What you should do >>
Would you retype the listing below word for word, without any of its pictures?

Dataset extract >>
+ + + + +

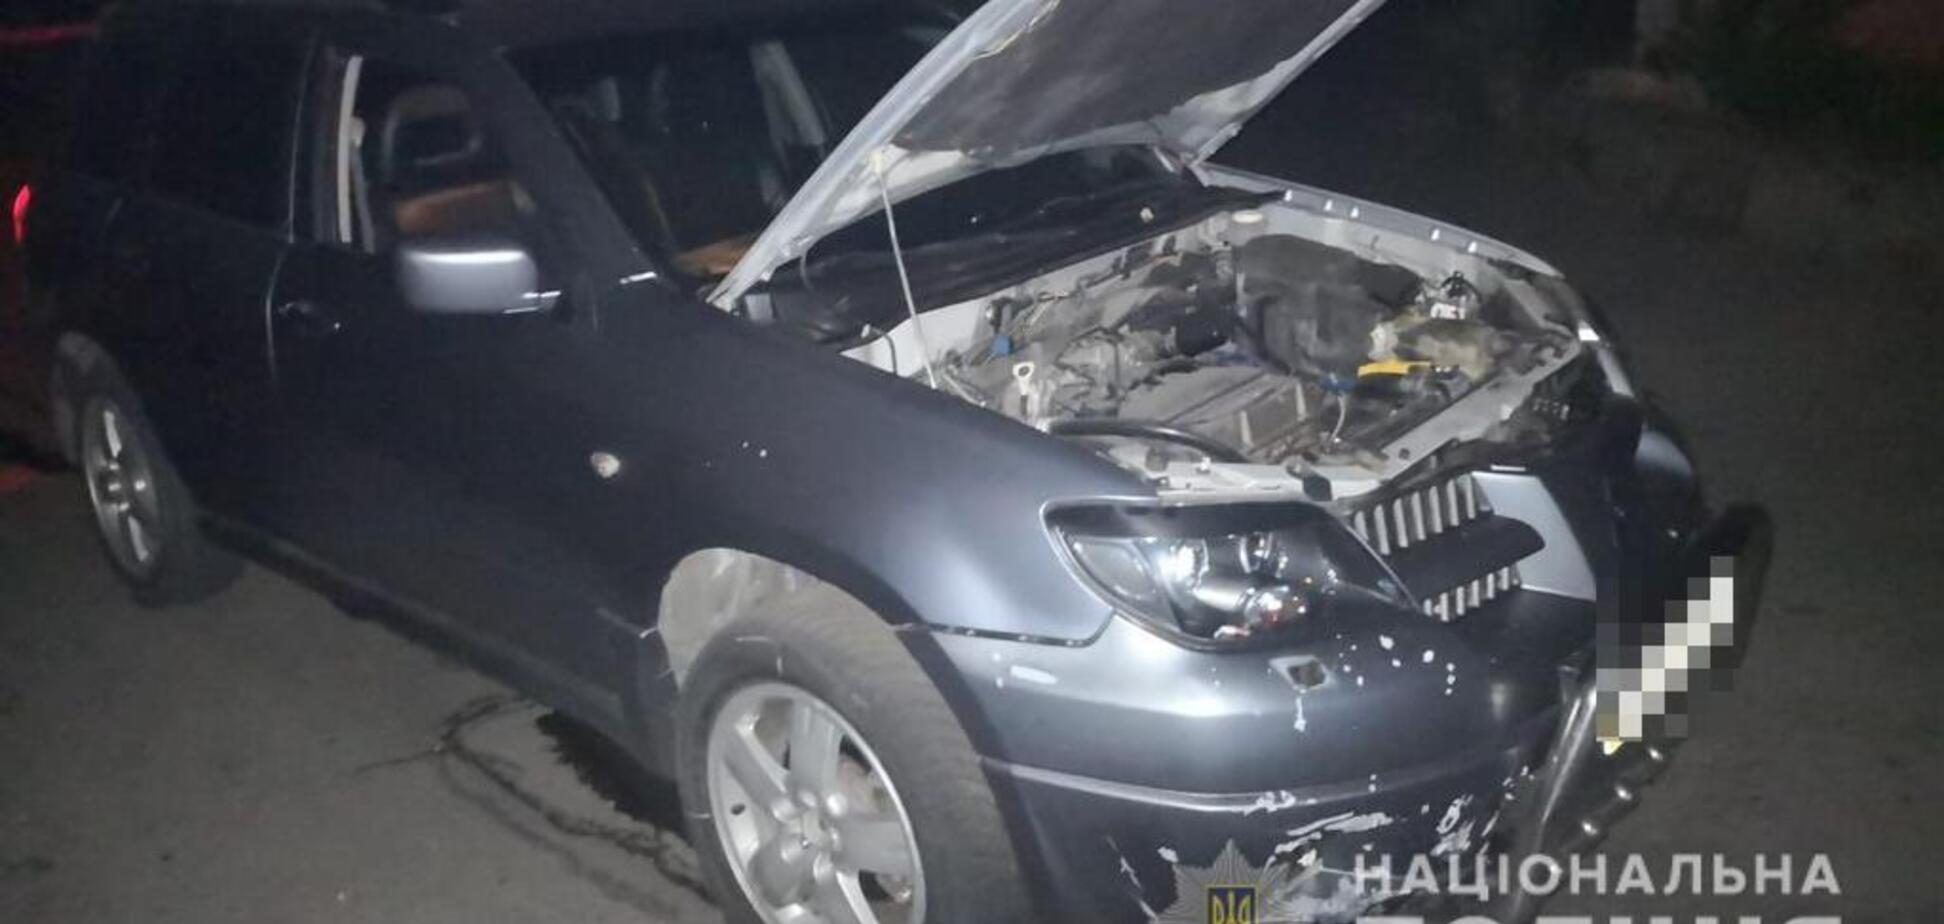 Покушение на бизнесмена: в Никополе мужчина бросил гранату под авто
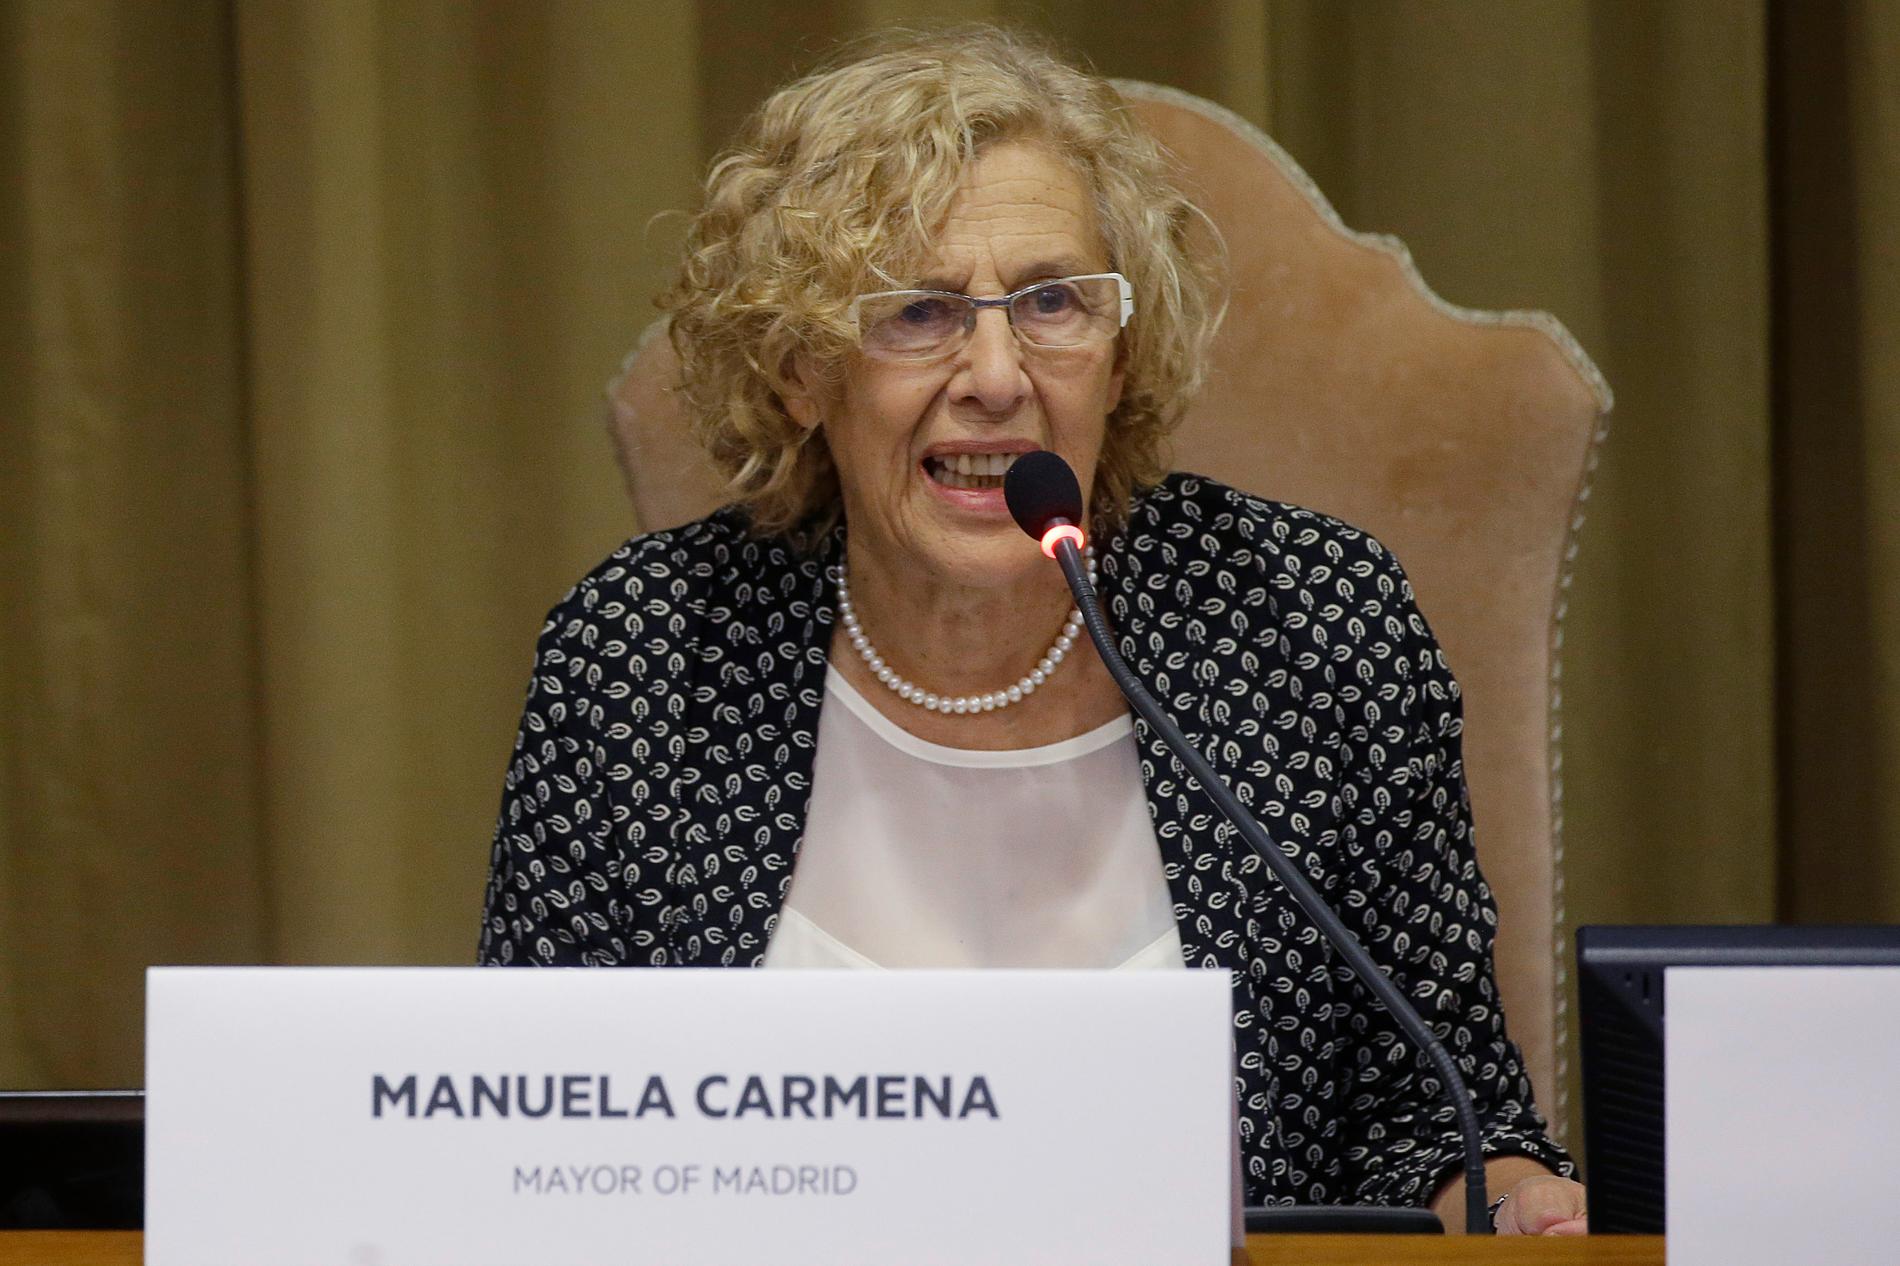 Vänsterpolitikern Manuela Carmena lämnar posten som Madrids borgmästare. Arkivbild.
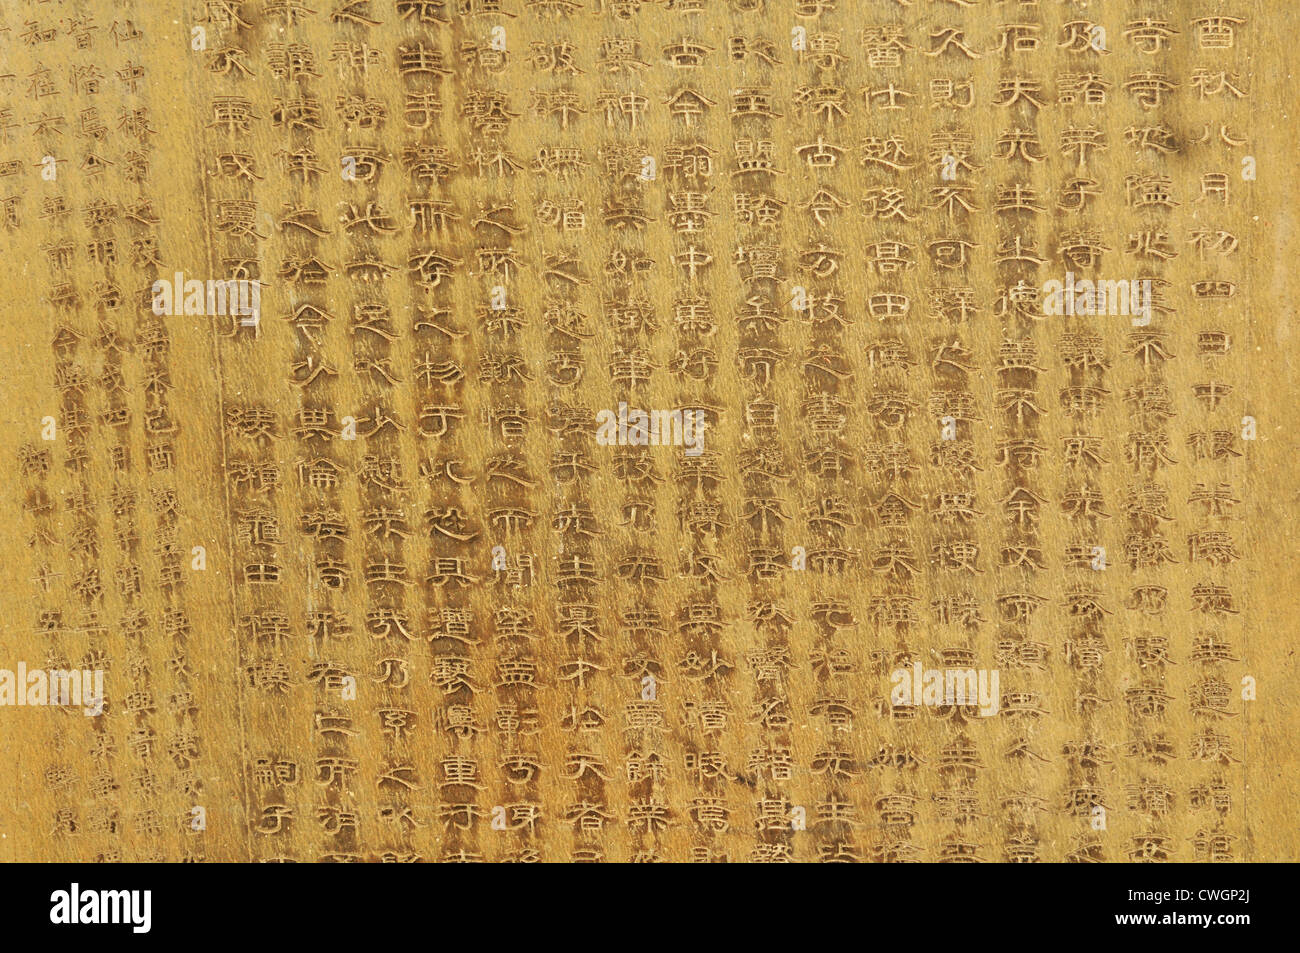 Calligraphie Japonaise vieille résumé sur la pierre ancienne Banque D'Images

+ + + + +

Response to the exercise >>
 Покушение на бизнесмена: в Никополе мужчина бросил гранату под авто
 Vänsterpolitikern Manuela Carmena lämnar posten som Madrids borgmästare. Arkivbild.
 Calligraphie Japonaise vieille résumé sur la pierre ancienne Banque D'Images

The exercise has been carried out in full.